— Work instructions —
The answer should be every line below, repeated exactly, with the images left out.

— Supplied data —

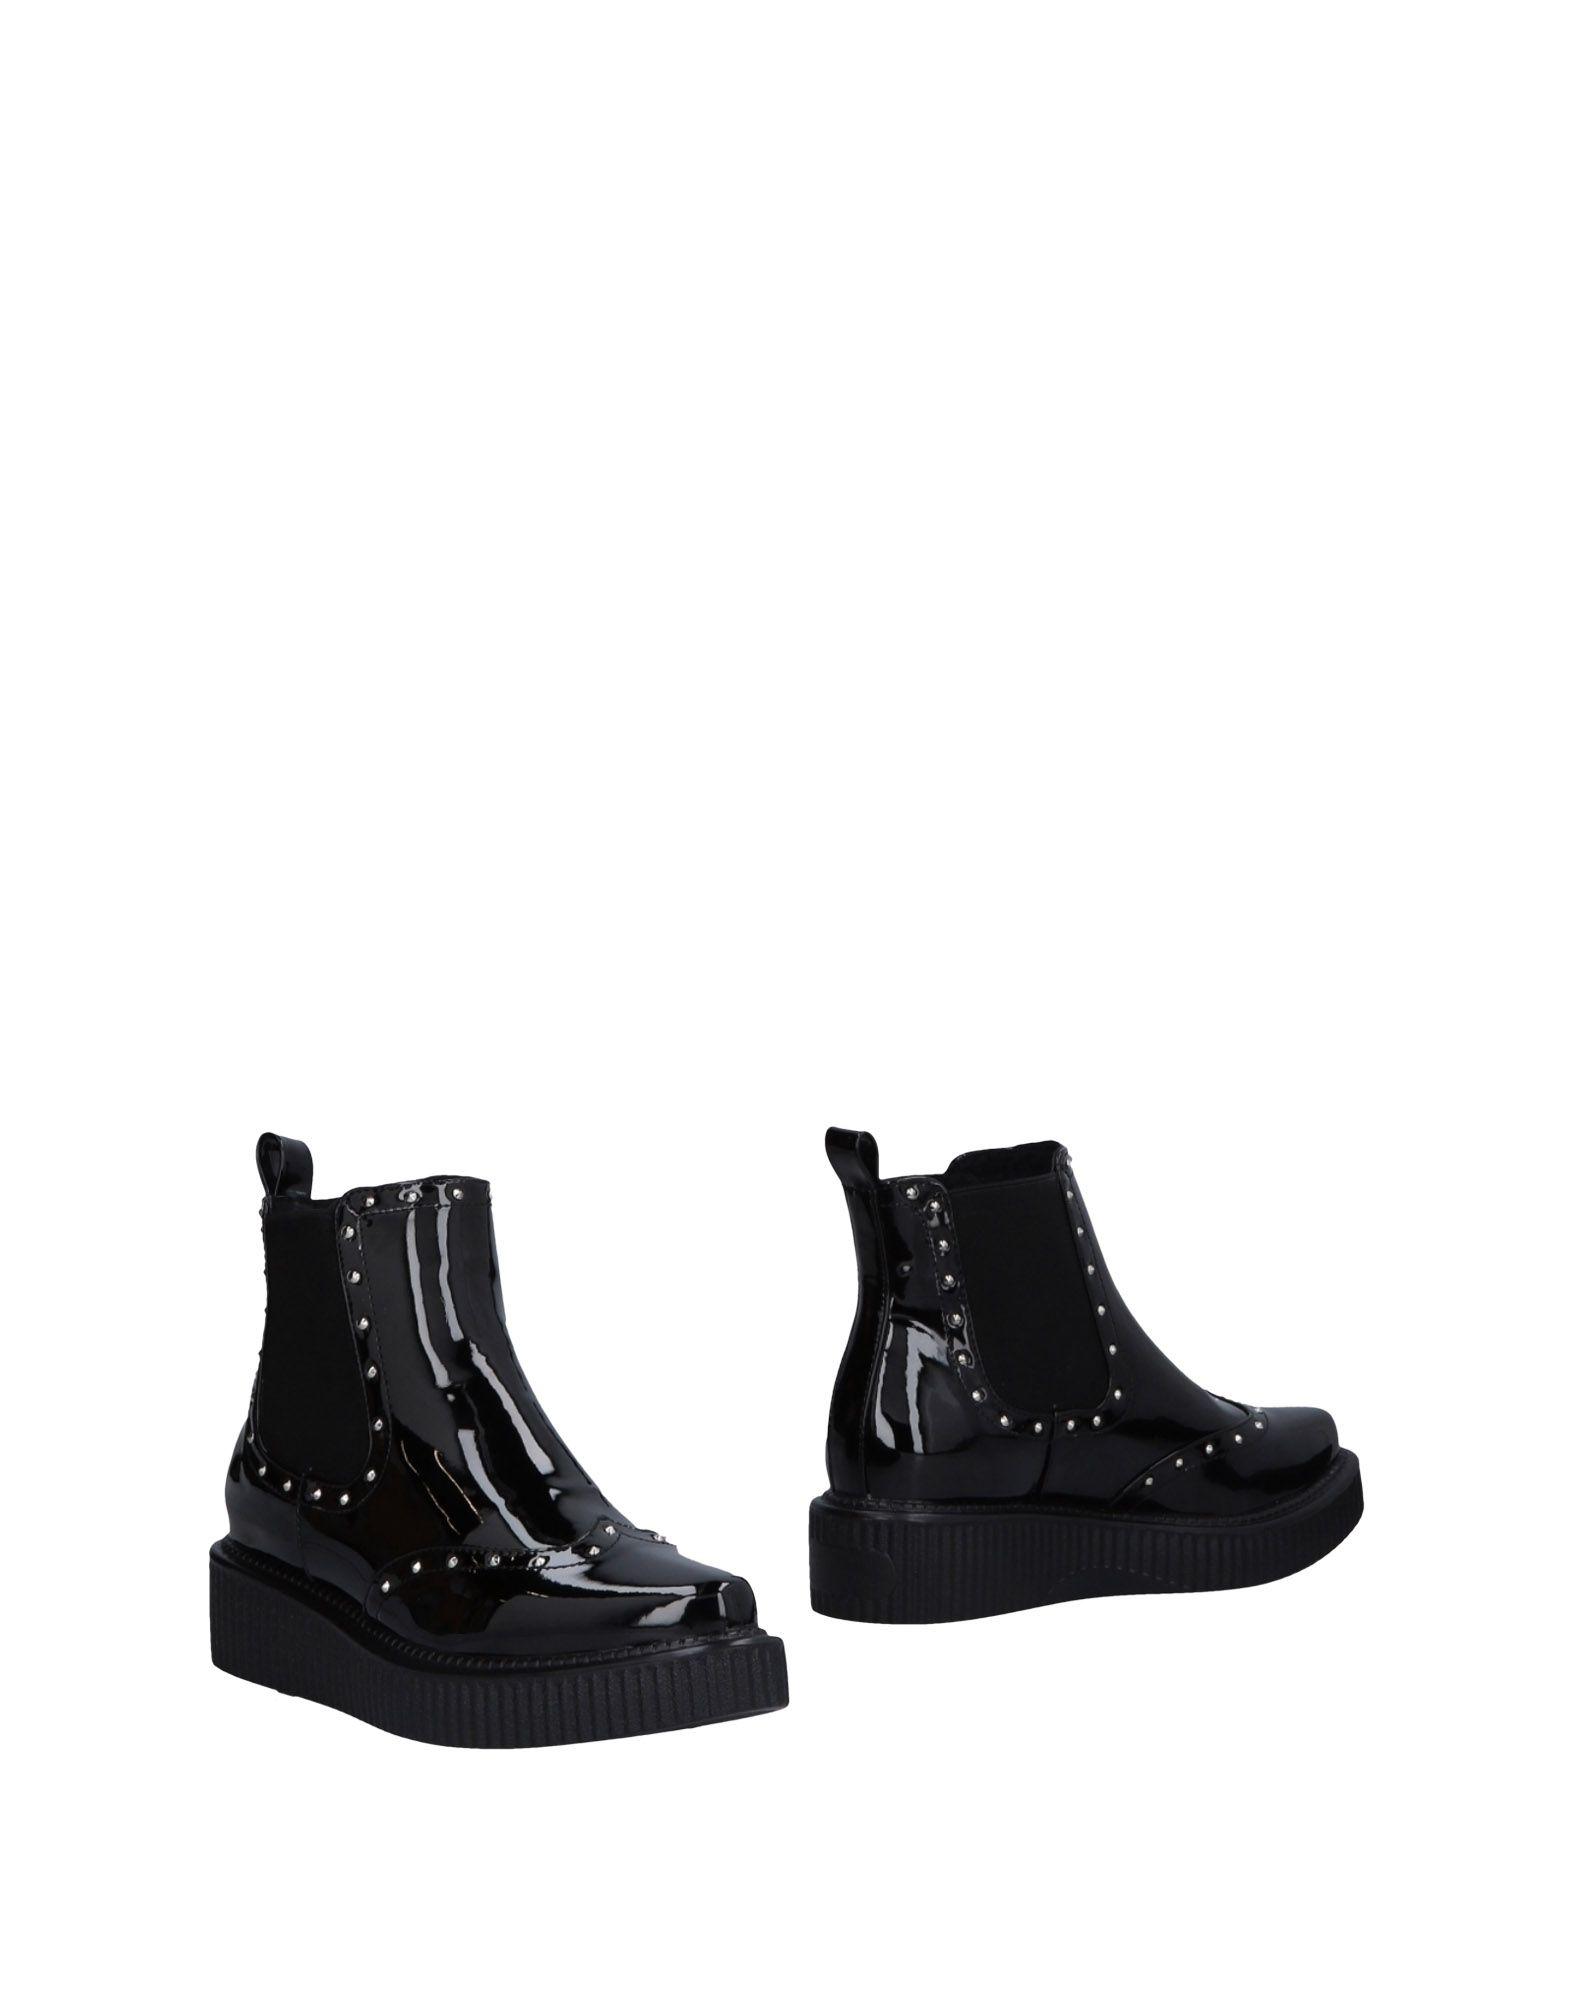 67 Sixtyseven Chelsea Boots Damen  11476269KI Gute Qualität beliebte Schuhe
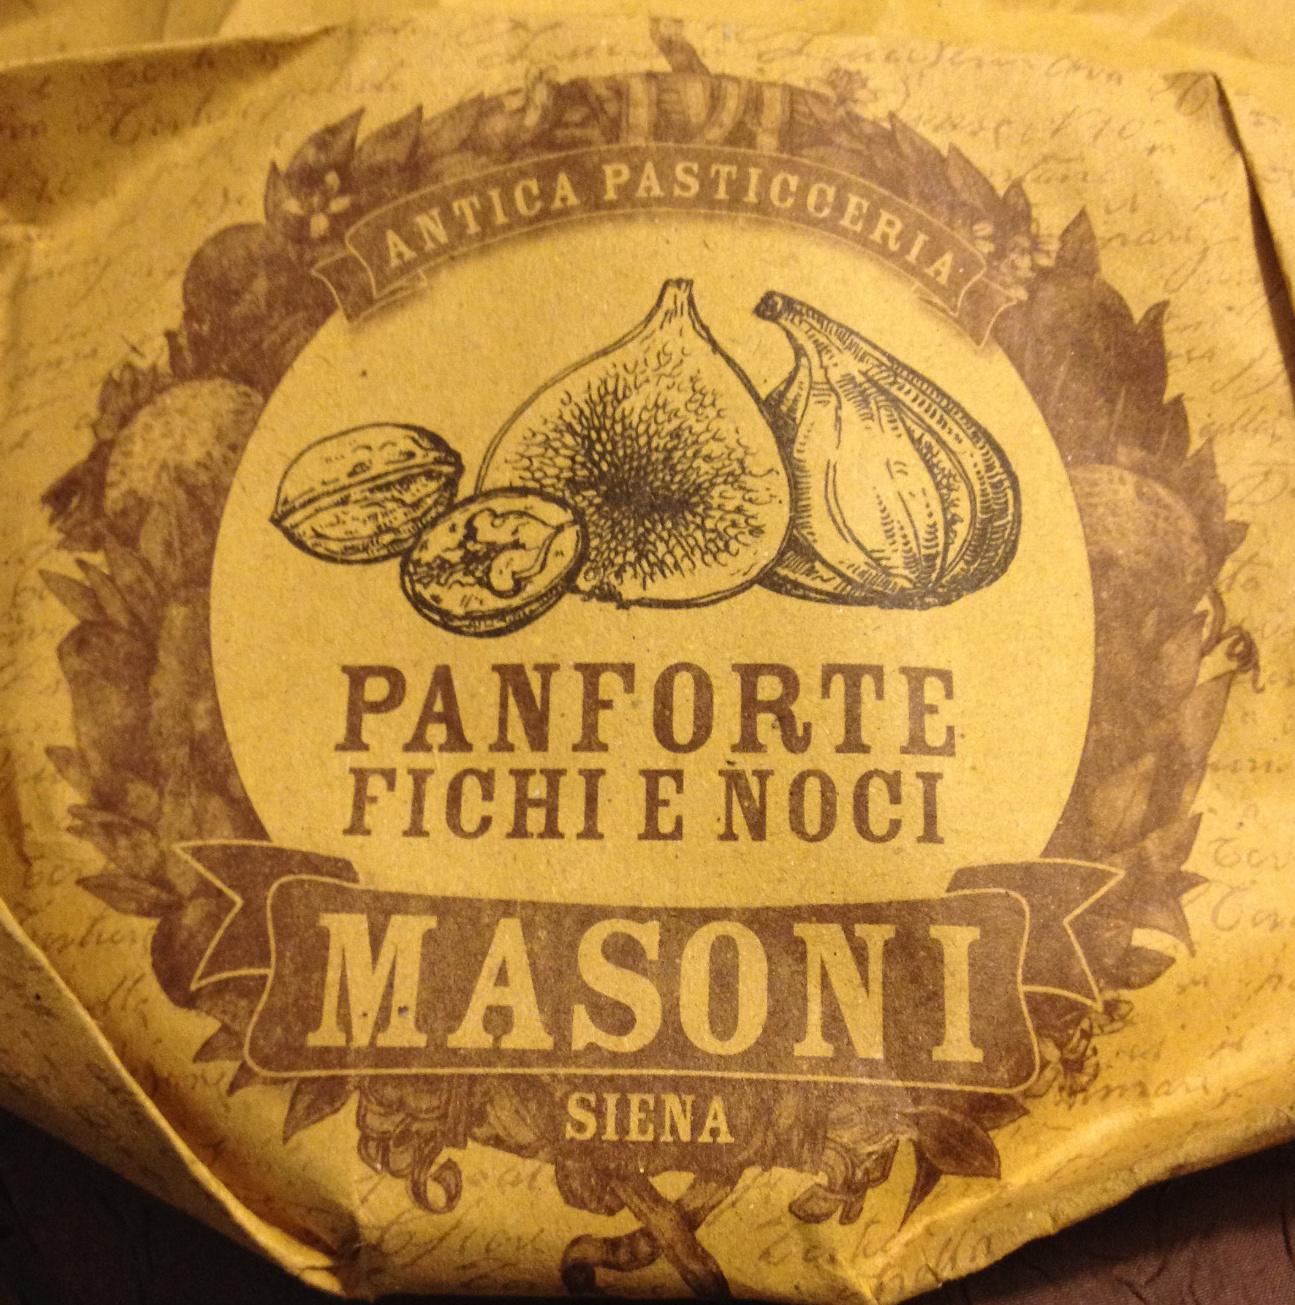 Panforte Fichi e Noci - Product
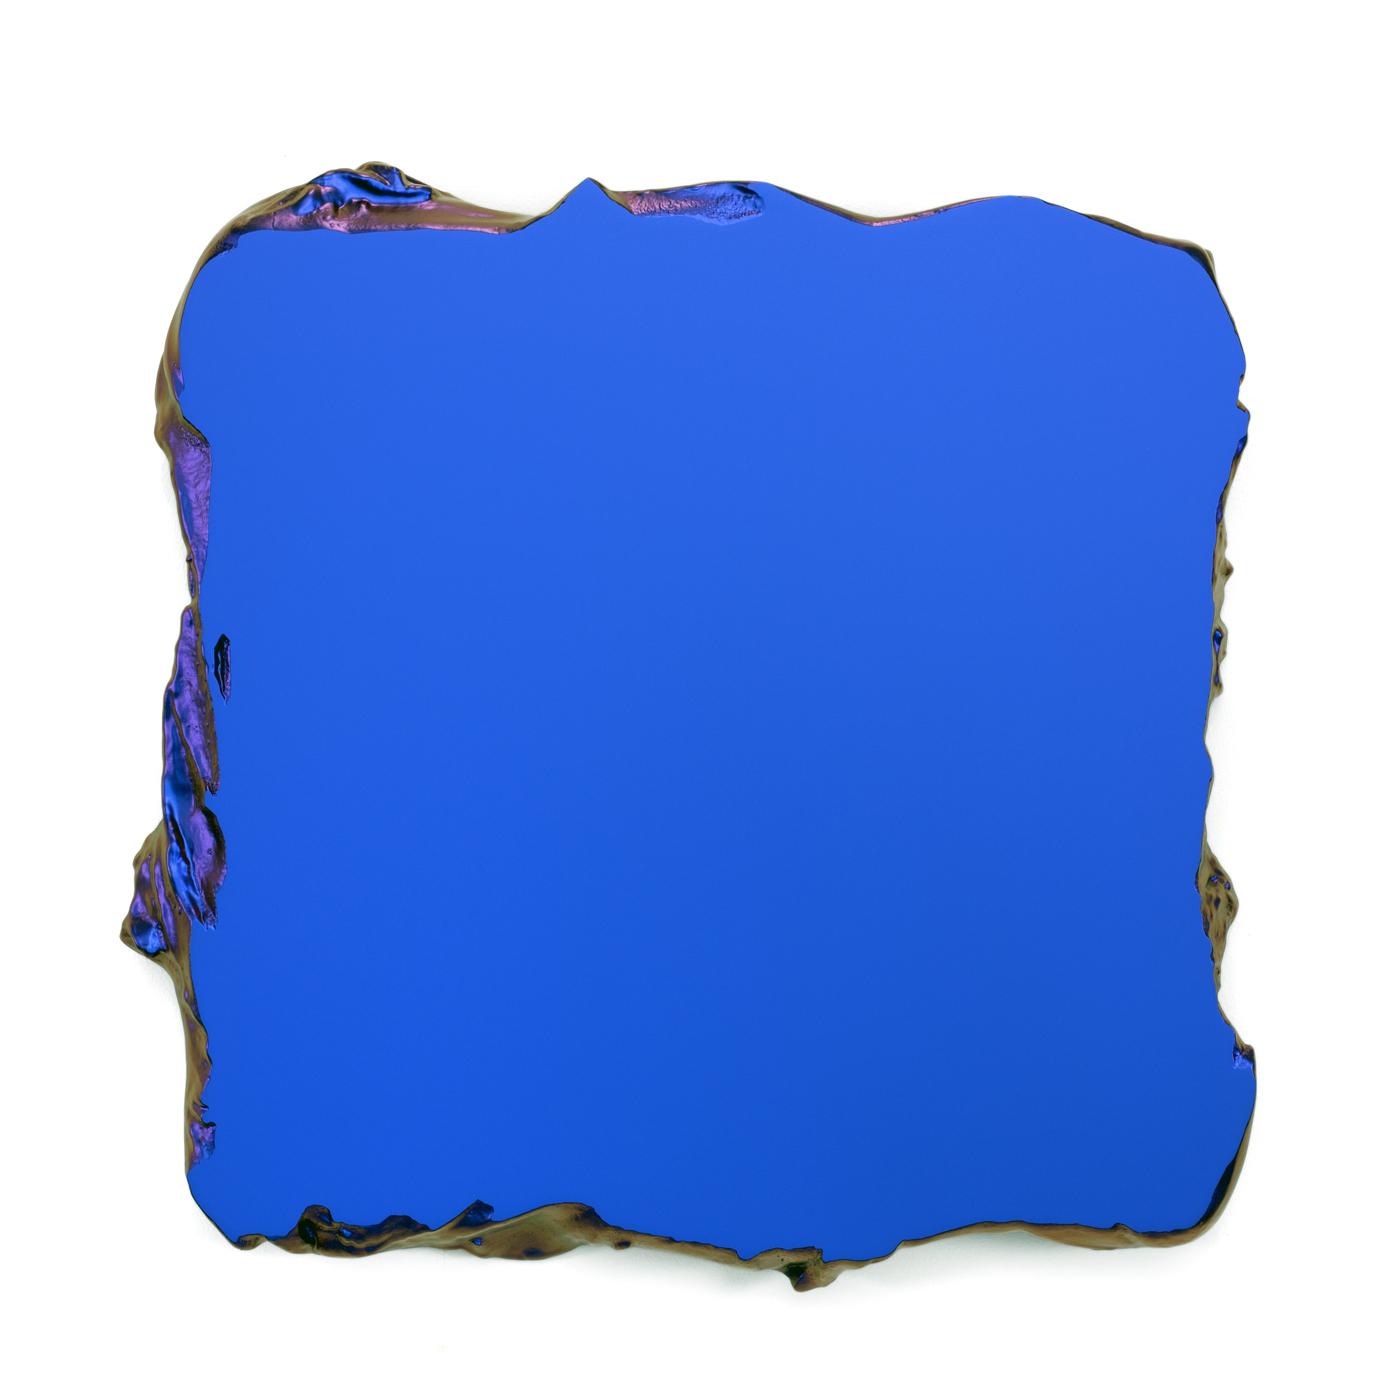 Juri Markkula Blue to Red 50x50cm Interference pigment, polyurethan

— Solution for this task —
 67 Sixtyseven Chelsea Boots Damen  11476269KI Gute Qualität beliebte Schuhe
 Panforte Fichi e Noci - Product
 Juri Markkula Blue to Red 50x50cm Interference pigment, polyurethan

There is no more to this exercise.